# Linear Effect Help



## e.clarkson (Dec 6, 2017)

On the ETC TI, we have a stack of cues where a group of conventional channels are cycling infinitely through a linear fade effect. Most of the show is fine, but when the rate changes between cues we occasionally get channels that pop on much too fast. The only thing changing is the rate. The entry and exit is immediate and fade by size.

Any ideas on how to get them to stop doing that?


----------



## RonHebbard (Dec 6, 2017)

e.clarkson said:


> We have a stack of cues where a group of conventional channels are cycling infinitely through a linear fade effect. Most of the show is fine, but when the rate changes between cues we occasionally get channels that pop on much too fast. The only thing changing is the rate. The entry and exit is immediate and fade by size.
> 
> Any ideas on how to get them to stop doing that?


 @e.clarkson Which console? Make, model, generation of software? 
Toodleoo!
Ron Hebbard.


----------



## e.clarkson (Dec 6, 2017)

RonHebbard said:


> @e.clarkson Which console? Make, model, generation of software?
> Toodleoo!
> Ron Hebbard.


I was JUST updating the post to read that information. ETC Eos Ti. Software version 2.6.2


----------



## sk8rsdad (Dec 6, 2017)

Try changing_ fade by size _to _fade by rate and size._ It may allow the rate to ramp with the cue time.


----------



## e.clarkson (Dec 6, 2017)

sk8rsdad said:


> Try changing_ fade by size _to _fade by rate and size._ It may allow the rate to ramp with the cue time.

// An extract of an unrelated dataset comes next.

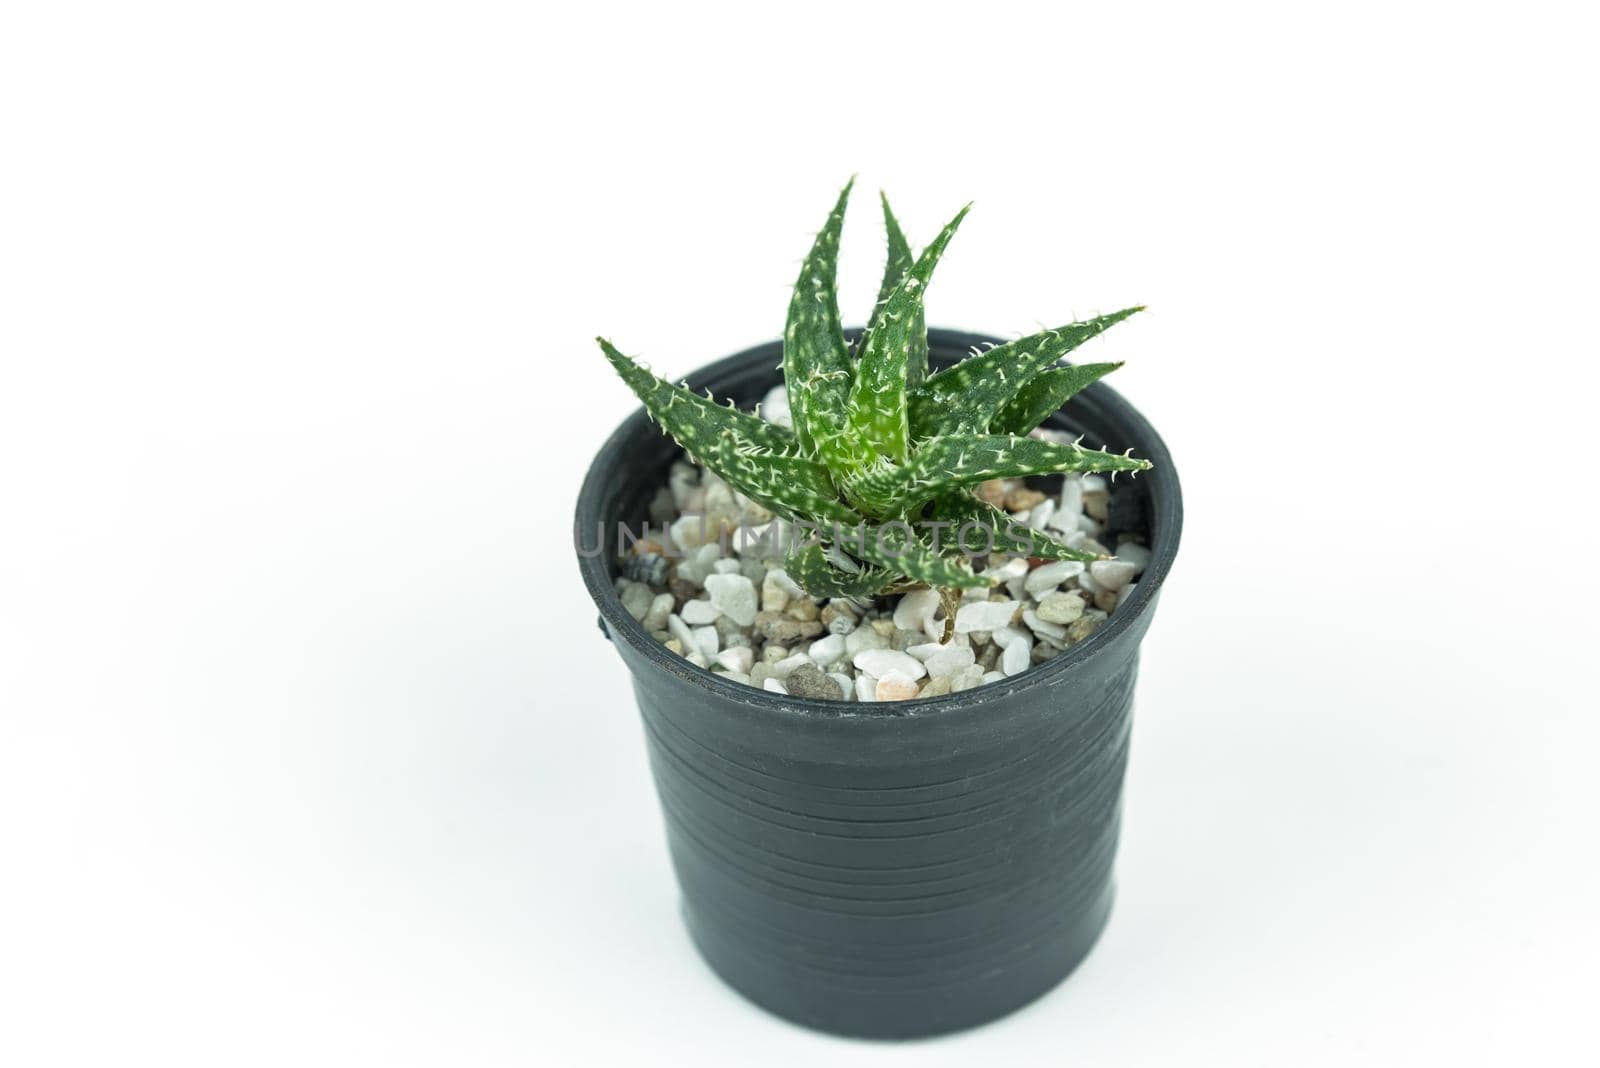 cactus isolated on white background by Wmpix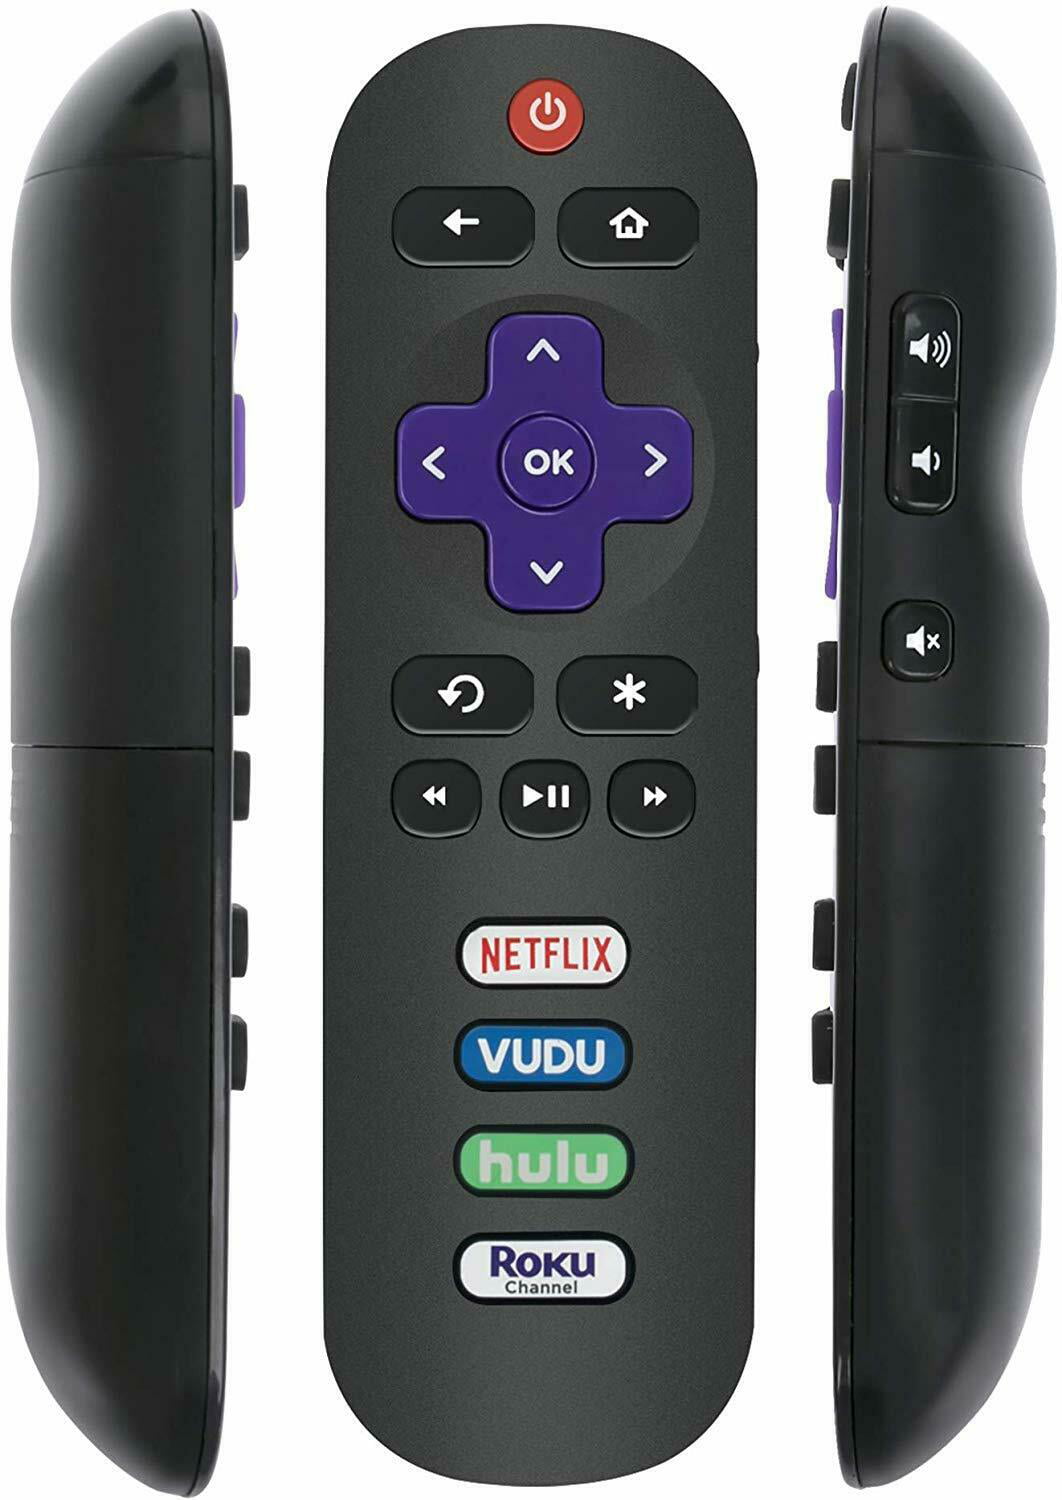 Roku tv remote

We did this and it changed how many lights were coming up in the effect for some reason? There should be three at a time, and for some reason it kicked one of them out of the fade.


----------



## sk8rsdad (Dec 6, 2017)

Is losing the channel permanent or temporary while the fade runs? It may have something to do with the Entry or Exit settings (immediate vs cascade) or the nature of the linear effect. You may want to ask this question on ETC's forums or call ETC support. They will know the right questions to ask to get to the root of issue. I'm just guessing.


----------